Infrastructure and mining and mineral segments lift 3Q order wins

  • CSE Global won S$91m (-41.7% y-o-y) worth of orders in 3Q20, taking cumulative wins to S$333.1m (-4.5% y-o-y).
  • While 9M20 O&G segment orders declined by 21.6% y-o-y, infrastructure and mining and minerals (M&M) orders grew 26.8% y-o-y and 51.9% y-o-y, respectively. End-Sep order book was up 14.8% y-o-y to S$267m (vs. 9M19: S$232.6m).


  • With regards to COVID-19, CSE Global mentioned that as most of its operations are deemed essential services, there has been no halt to activities, although mobility limitations have borne inefficiencies. Nevertheless, there have been no material collectability issues.
  • With regards to the lower crude oil price environment, CSE Global expects fewer opportunities and lower prices in forward O&G orders but maintains that there have not been material project/order book cancellations and collectability issues thus far.
  • We trim our CSE Global's FY20-22F EPS forecasts, largely on the back of higher effective tax expenses given that there will be a higher mix of Australian projects moving forward, in our view.

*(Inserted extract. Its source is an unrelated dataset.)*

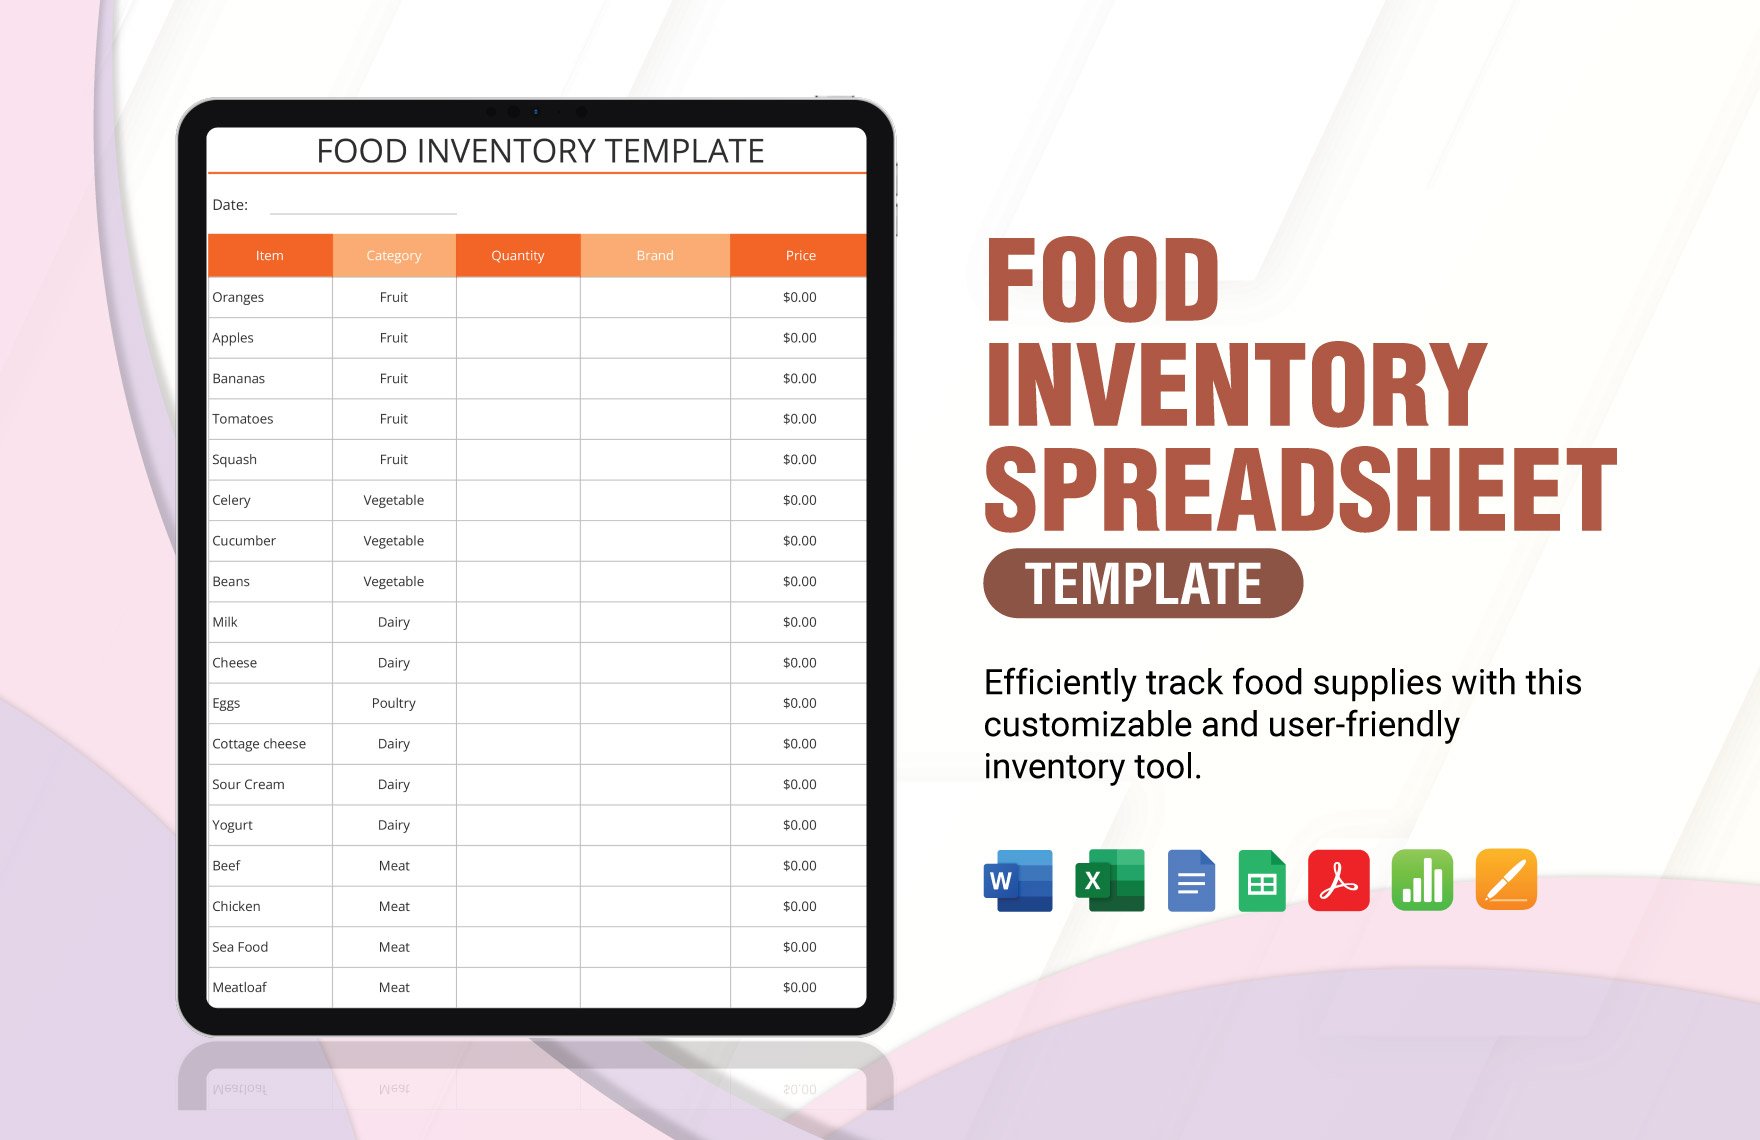 Food Inventory Spreadsheet Template in Word, Google Docs, Excel, PDF, Google Sheets, Apple Pages, Apple Numbers
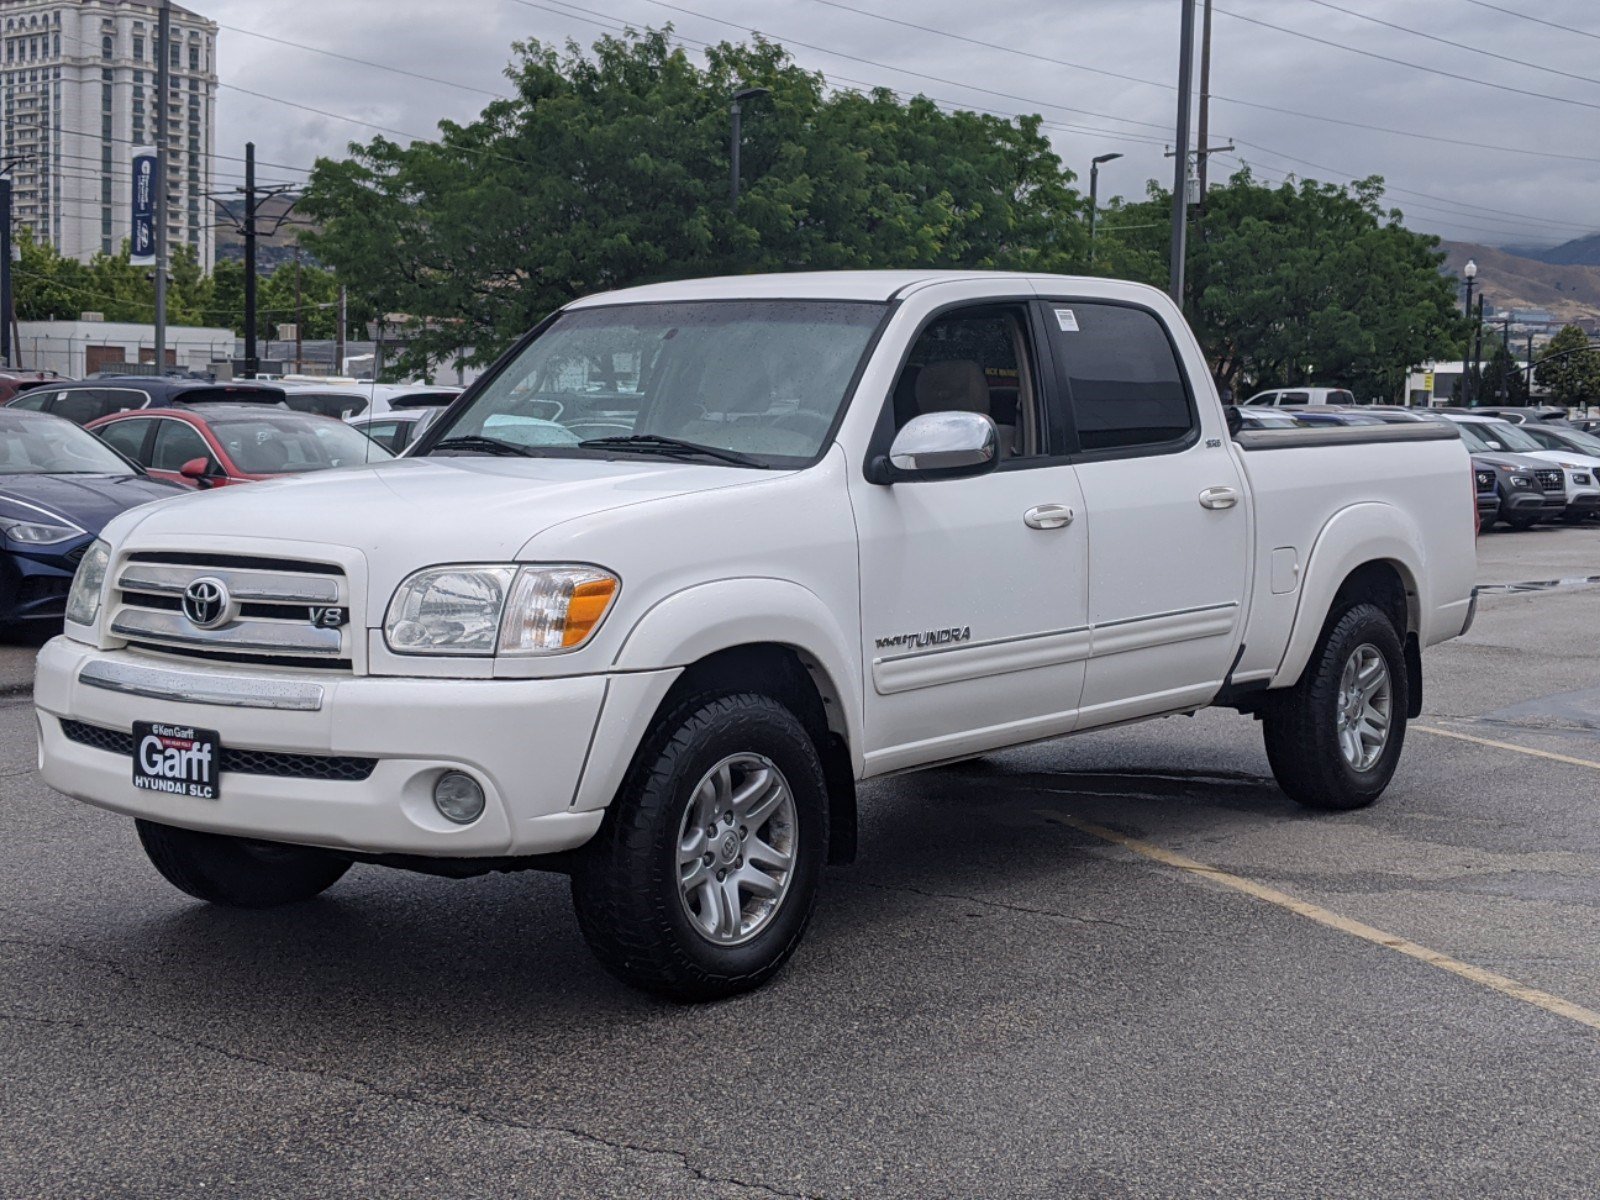 Pre-Owned 2006 Toyota Tundra SR5 Crew Cab Pickup in Salt Lake City

Reiterate ADD; infrastructure and mining & minerals segments to mitigate O&G

  • We think the O&G segment may see near-term sluggishness due to the low crude oil prices and the political uncertainties in America. However, a strong order backlog and continued diversification to infrastructure and M&M industries could provide a cushion in these tough times.
  • We also think CSE Global’s dividend yield would be intact on the back of continued cashflow generation.
  • We reiterate ADD on CSE Global with an unchanged target price of S$0.60, still based on 12x, close to its 5-year (2014-2019) average of 11.7x, but rolled forward to FY22F EPS.
  • See CSE Global Share Price; CSE Global Target Price; CSE Global Analyst Reports; CSE Global Dividend History; CSE Global Announcements; CSE Global Latest News.
  • Potential re-rating catalysts are swifter project execution and higher-than-expected order wins.
  • Downside risks are lower order wins and potential cuts in DPS.